Alex shook his head. “And how would you know that?”
“I just know.”
“Sure, whatever, that homeless man that we saw up in San Francisco, he was at the scene of the crime. He had to have been. Maybe he wasn't swinging the hammer, but they were in it together.”
“He and Arnie the Hammer…”
“What are we, a broken record? That's what I've been trying to say, man.”
“Alex, do you remember the last time we were together?”
“Of course, you drove me to LAX.”
“No, not that; I mean the last time we were really together, long before we reconnected this summer at that biker bar outside of Vegas. Think back. It was the summer of 2001.”

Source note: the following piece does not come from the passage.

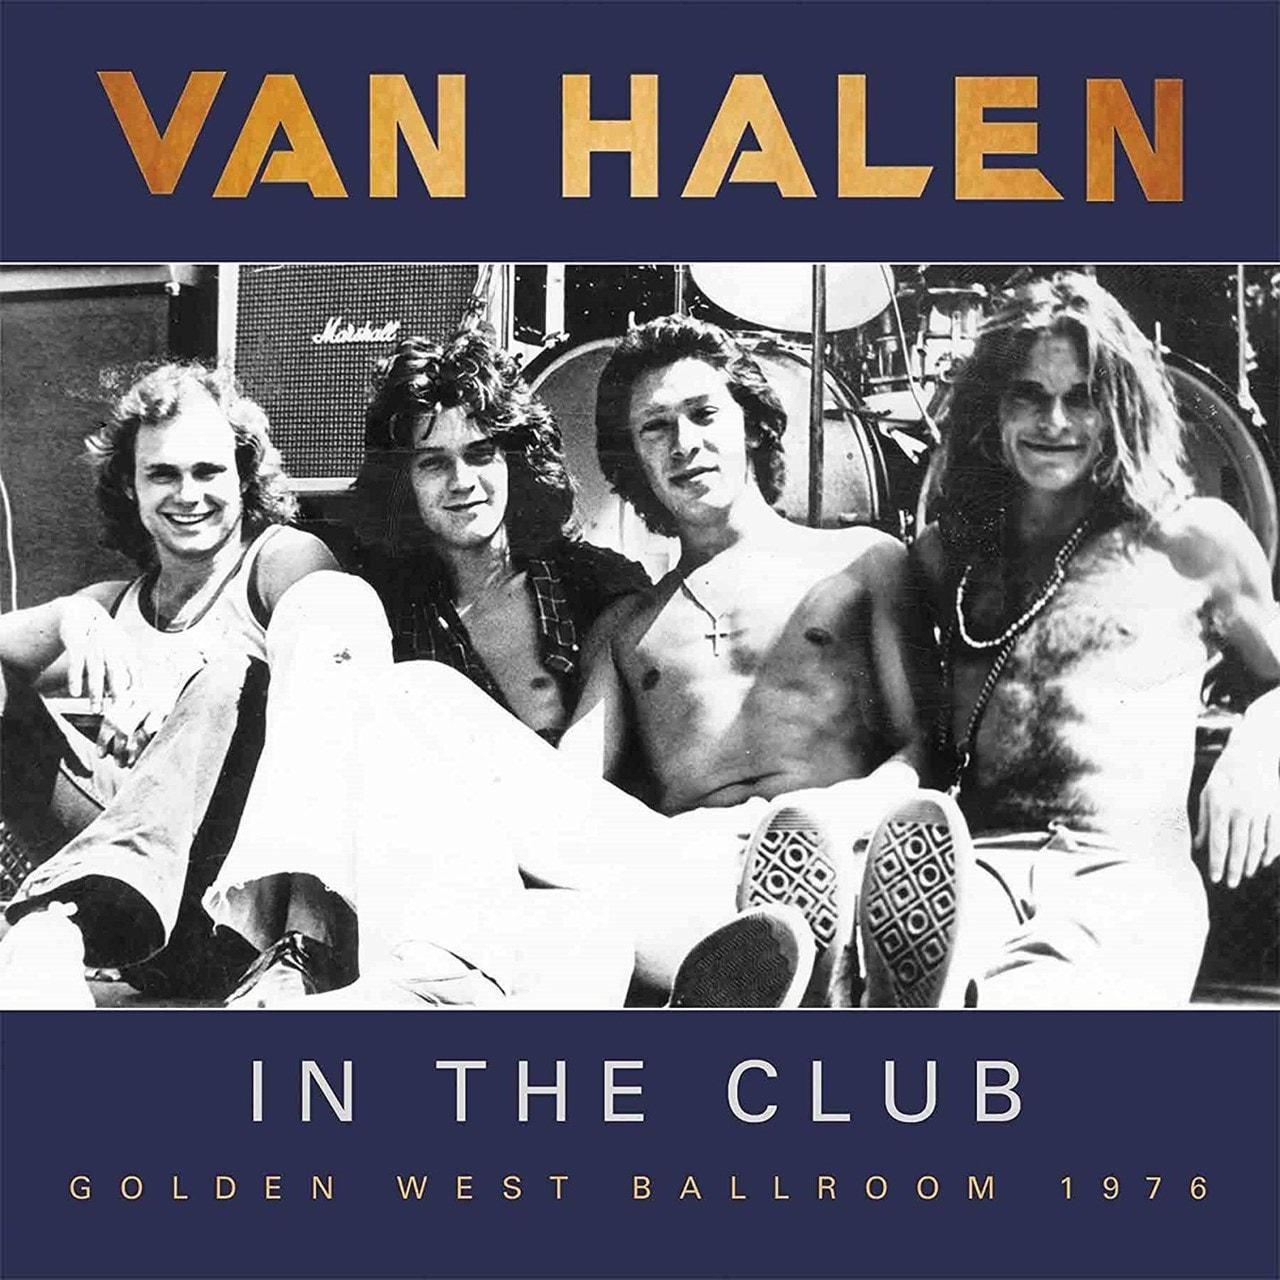 In the Club: Golden West Ballroom 1976 - 1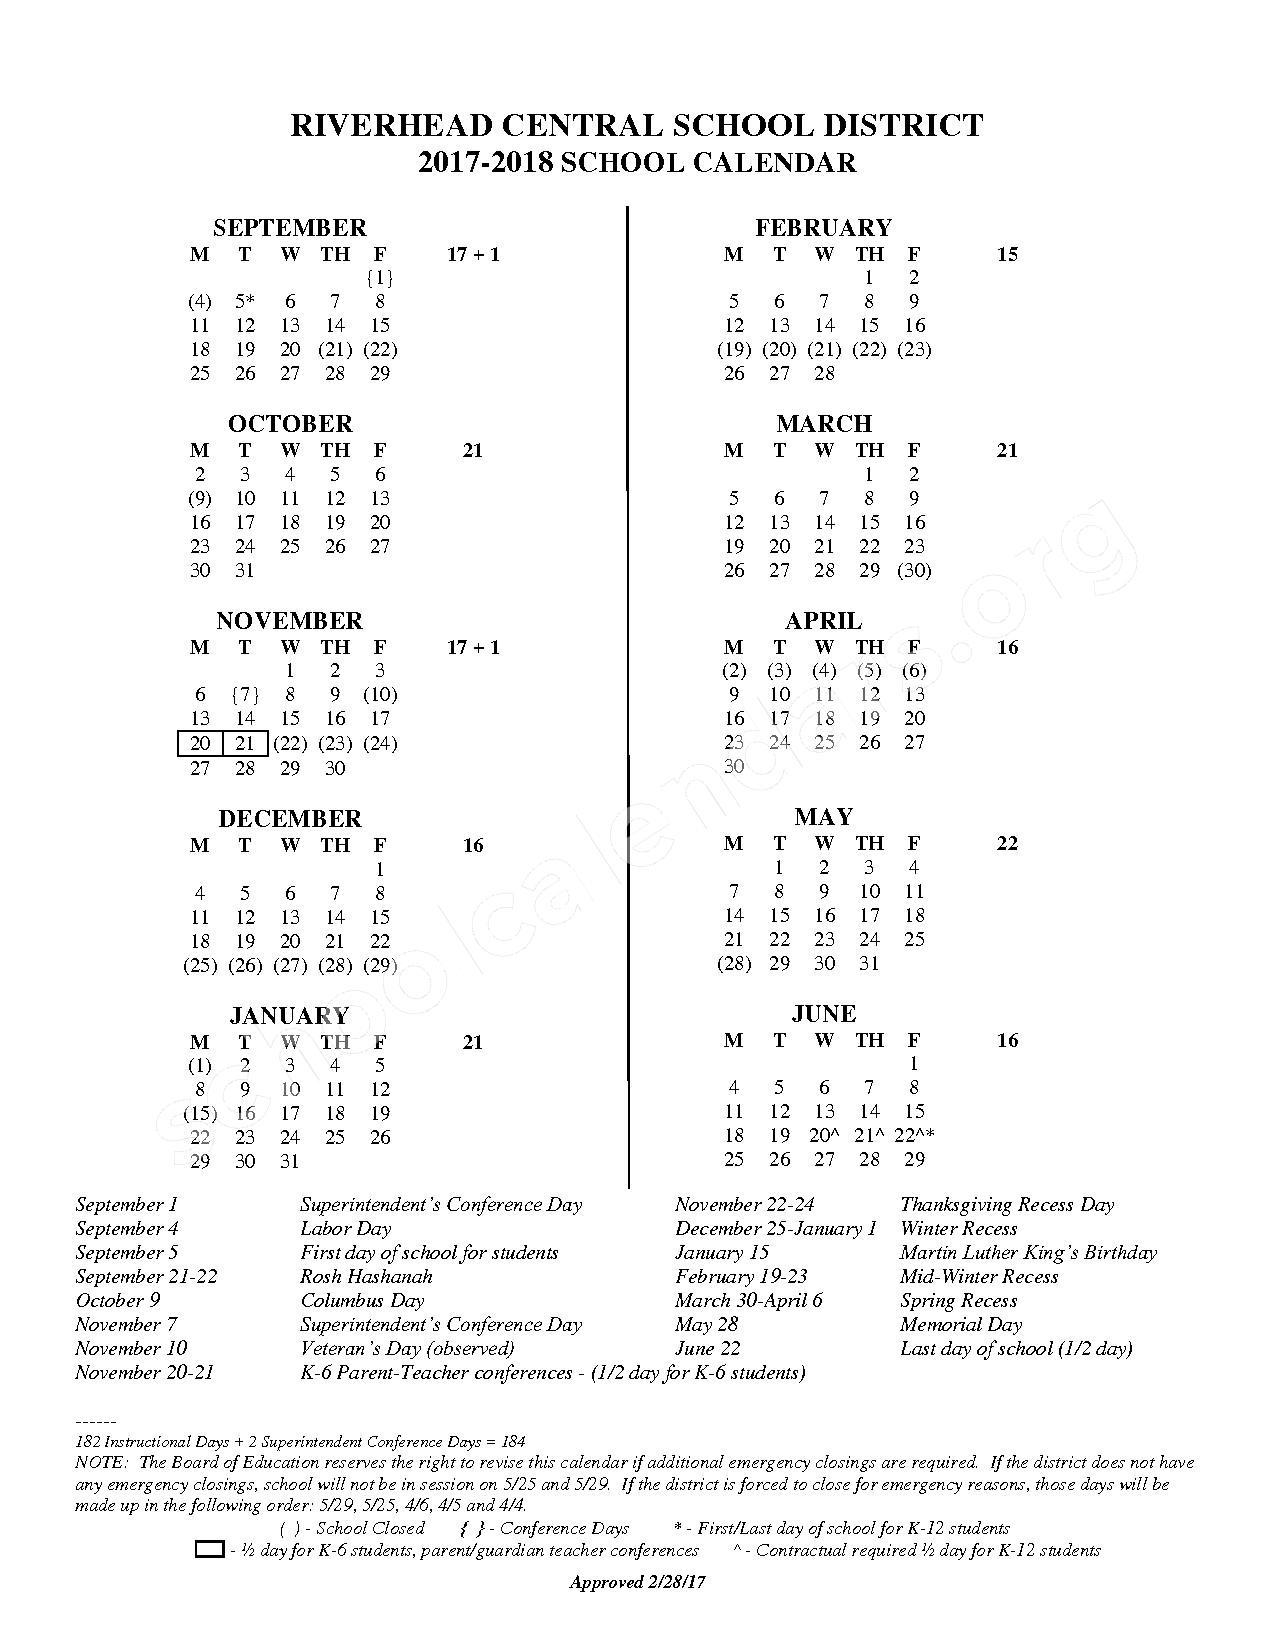 2017 - 2018 District Calendar – Riverhead Central School District – page 1

Parker's eyes drifted into the not-so distant past. “Yeah, we had dinner at Hoff's Hutt on PCH, Long Beach. That was back when they were still open twenty-four hours. Elise was there.”
“Uh-huh. Our relationship was strained even then, yours and mine. And what did we talk about?”
Alex sighed with an ever growing impatience. “My father's gambling debts. It was a week or two before his murder, and his fingers had been busted earlier that summer; his kneecaps too. I remember Elise showed some real concern. She said she could help. I laughed it off and asked her if she had a hundred grand in spare change, which she didn't.”
My eyes lit up. I said: “My point exactly. It was Elise.”
Yes, Elise sent him, I thought to myself. It was truly a revelatory moment. Her imaginary childhood friend rescued dumb-ass from receiving the punishment reserved for his father. That's why he was there, not to kill anyone, but to look out for him, to save the wild ass from destruction.
There was no use asking my wife about it. She'd deny everything, but only because she probably didn't believe it herself. I had to remind myself that a logical thinker in the western tradition couldn't possibly believe in something so far-reaching. I wasn't even sure I believed it. But I was well beyond self-doubt about my own sanity, and it was a working theory, anyways.